Passer aux 32 heures, ce serait bon pour les politiques familiales ? Réponse d’Alain Giagomel, administrateur à la CAF de Toulouse et administrateur à la CNAF en tant que chef de file pour la CGT.
Les 35 heures ont-elles eu un impact sur les politiques familiales ?
À partir du temps où tu passes moins de temps avec ton employeur, tu passes plus de temps avec ta famille, au sens élargi. Si tu vis dans un contexte familial avec une compagne, des enfants, tu dégages du temps pour être plus souvent avec eux, à condition qu’ils le peuvent. Tu t’ouvres beaucoup plus sur la vie citoyenne, à condition que tu veuilles le faire. Avoir plus de temps fait que ta relation conjugale est améliorée. Tout ce qui peut se faire dans la petite enfance, avec l’adulte, de manière sociable, c’est un bénéfice assuré. Quand on s’occupe de ses enfants entre 0 et 3 ans, on a un bénéfice certain pour leur insertion, leur épanouissement.
Lors du passage aux 35 heures, les politiques familiales se sont-elles réformées ?
C’est à ce moment que l’on a commencé à parler de conciliation entre vie professionnelle et vie familiale. Au cœur des politiques familiales, on a commencé à faire en sorte que les femmes soient mieux intégrées dans le monde du travail et qu’elles y prennent des responsabilités. Quand on est passé aux 35 heures, on a mis en place au niveau des caisse d’allocation familiale et de la CNAF un service d’accueil de la petite enfance beaucoup plus complet, on a mis le paquet là-dessus pour que les femmes aillent travailler et fassent garder leurs enfants avec un service de qualité. La grosse majorité des parents privilégie l’accueil collectif car c’est ce qu’il y a de mieux pour les enfants. Cela a permis à beaucoup de femmes de se libérer et d’intégrer le monde du travail. Cela a permis aux parents d’être plus libérés dans leur travail. Ils savaient que leur gamin étaient accueillis dans une structure de qualité. Les 35 heures ont eu un effet positif à ce niveau là.
Et penses-tu qu’une nouvelle réduction du temps de travail à 32 heures puisse avoir encore une fois une influence positive sur les politiques familiales ?
Cela fait trois heures de moins par semaine, cela peut être rapporté sur une tranche choisie, je pense au mercredi ou au samedi par exemple, cela peut faire pratiquement une journée de travail et ça c’est du temps que l’on va consacrer à l’écoute de son compagnon, de sa famille et des autres en général.
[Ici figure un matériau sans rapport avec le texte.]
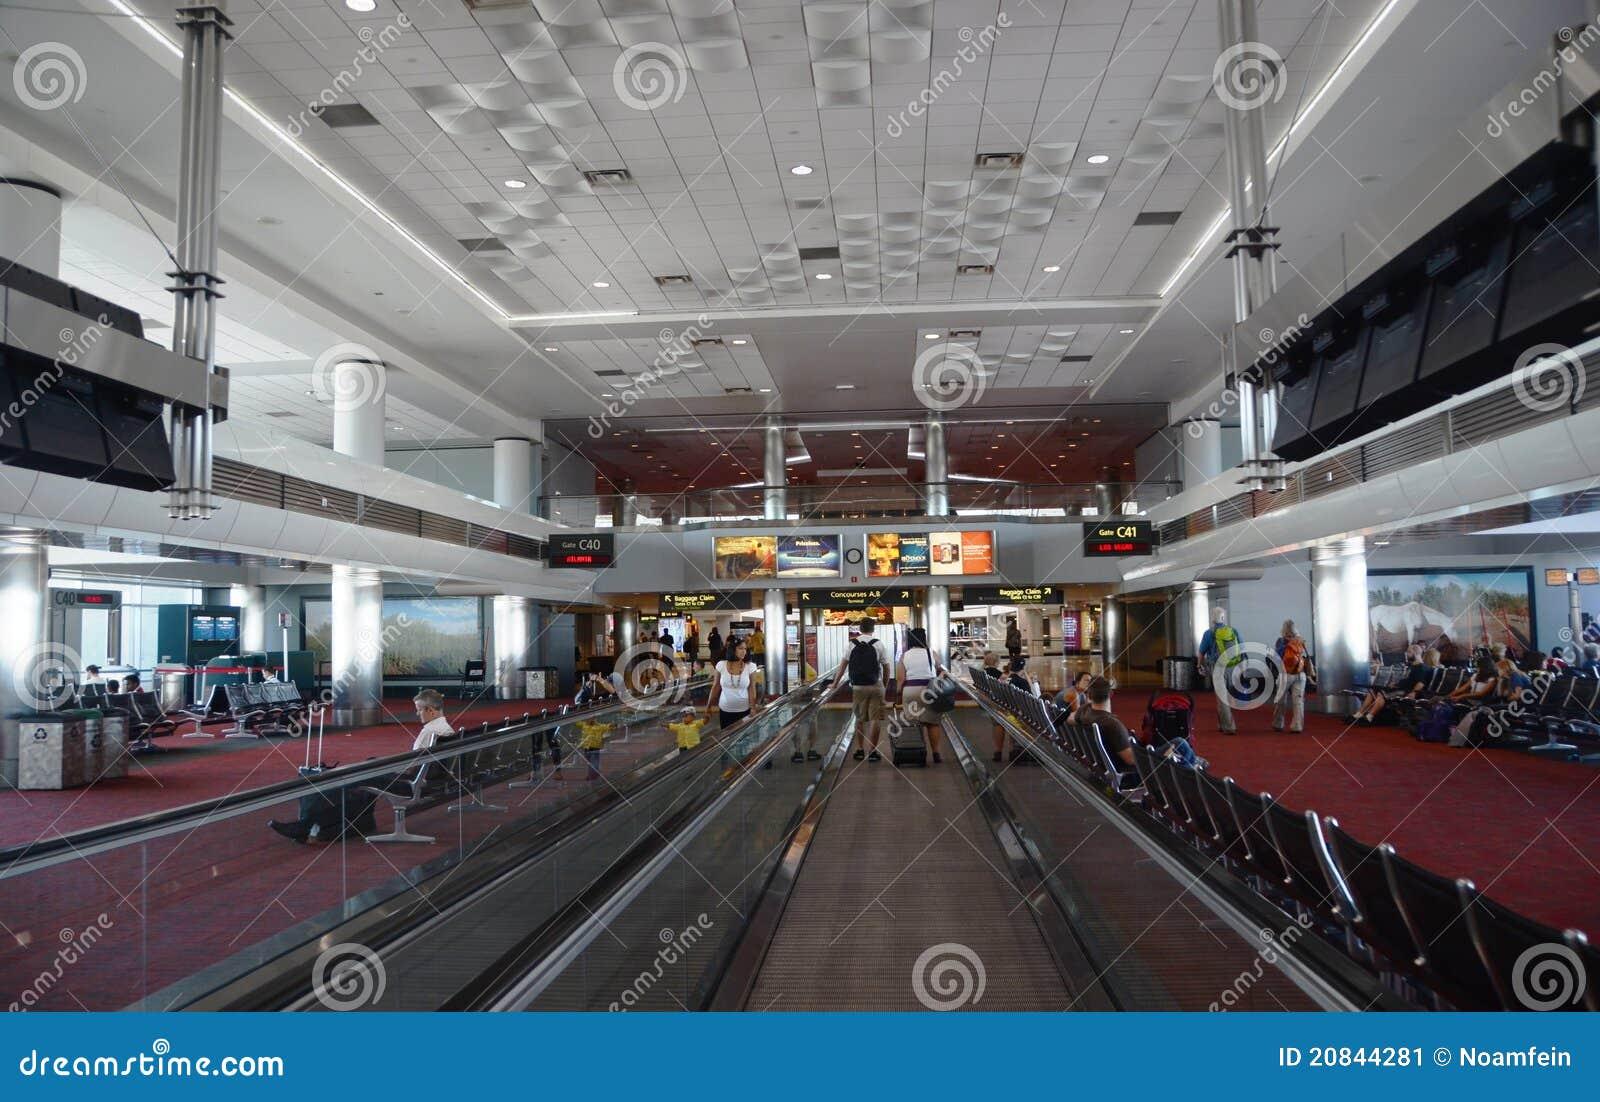 Interior del aeropuerto internacional de denver foto editorial imagen 20844281 - Foto foto interior ...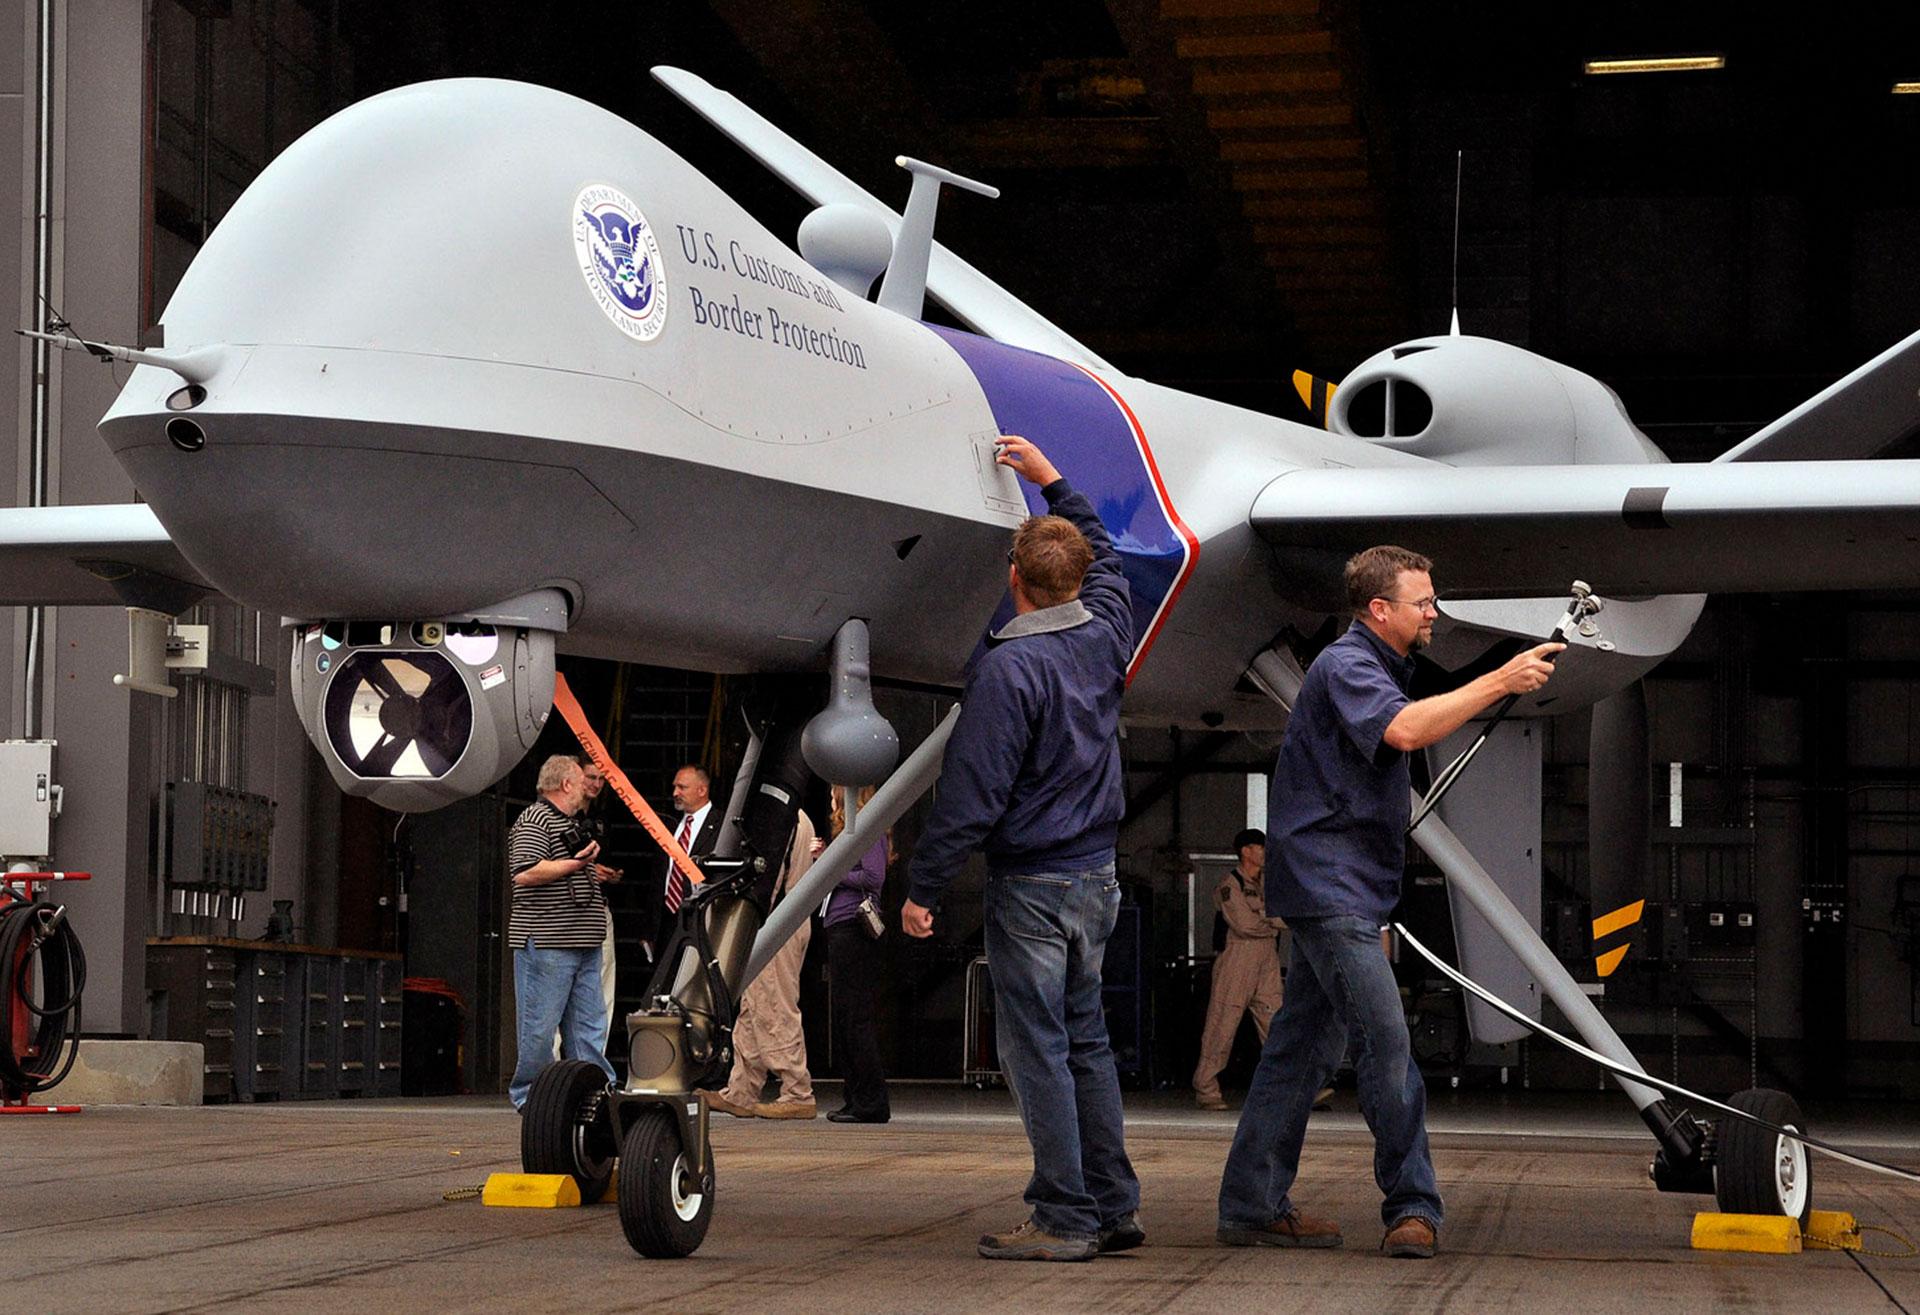 Un drone de inteligencia y ataque de última generación MQ-9 Reaper, desarrollado por General Atomics, una de las empresas atacadas (AP)

Si l’on rapporte cela à la famille cela peut avoir une influence positive sur le temps consacré au devoir, mais aussi sur le jeu. Une demi-heure à jouer en plus chaque soir avec ses enfants ça peut être très bénéfique. Les parents pourront être plus sensibles aux activité culturelles, sportives, ne fut-ce qu’une demi-heure de plus chaque jour. L’éducation des enfants ne peut pas être qu’un domaine réservé aux parents, il faut être dans la co-éducation avec l’école, les centres de loisir, les gens qui s’occupent des enfants en général.
Si demain l’on passait aux 32 heures, quelle serait la réforme à prendre dans le domaine des politiques familiales ?
Mettre en place un service de la petite enfance pour que chaque enfant de 0 à 3 ans puisse avoir sa place. Que ce soit la commune, la communauté de commune, le conseil général, peu importe, il faut qu’il y ait une compétence générale pour l’accueil de la petite enfance. Chaque enfant doit être accueilli dans le cadre du service public. Les parents pourraient jouir de temps pour eux, ou être plus sereins dans leur rôle de salarié ou de travailleur. Les politiques familiales doivent évoluer. Le gouvernement a mis en place des rythmes éducatifs mais sans y mettre les moyens. L’idée des rythmes éducatifs, c’est une belle idée, mais il faut y mettre les moyens. Trop souvent, les rythmes éducatifs se réduisent à de la garderie, et c’est raté. Avec les 32 heures, certains parents pourraient donner deux ou trois heures pour s’occuper d’un atelier à destination de l’ensemble des enfants d’une commune. Dernier point, la jeunesse. On pourrait envisager des actions du soutien à la jeunesse. Les jeunes sont des sources d’initiative énorme. Mais on n’a pas les moyens financiers, humains. Les 32 heures pourraient permettre de redonner un peu de peps à tout cela, pour une jeunesse qui est sacrifiée. On éviterait ainsi ce débat nauséabond autour de la radicalisation. C’est la jeunesse qui dans les années à venir sera la force de notre pays.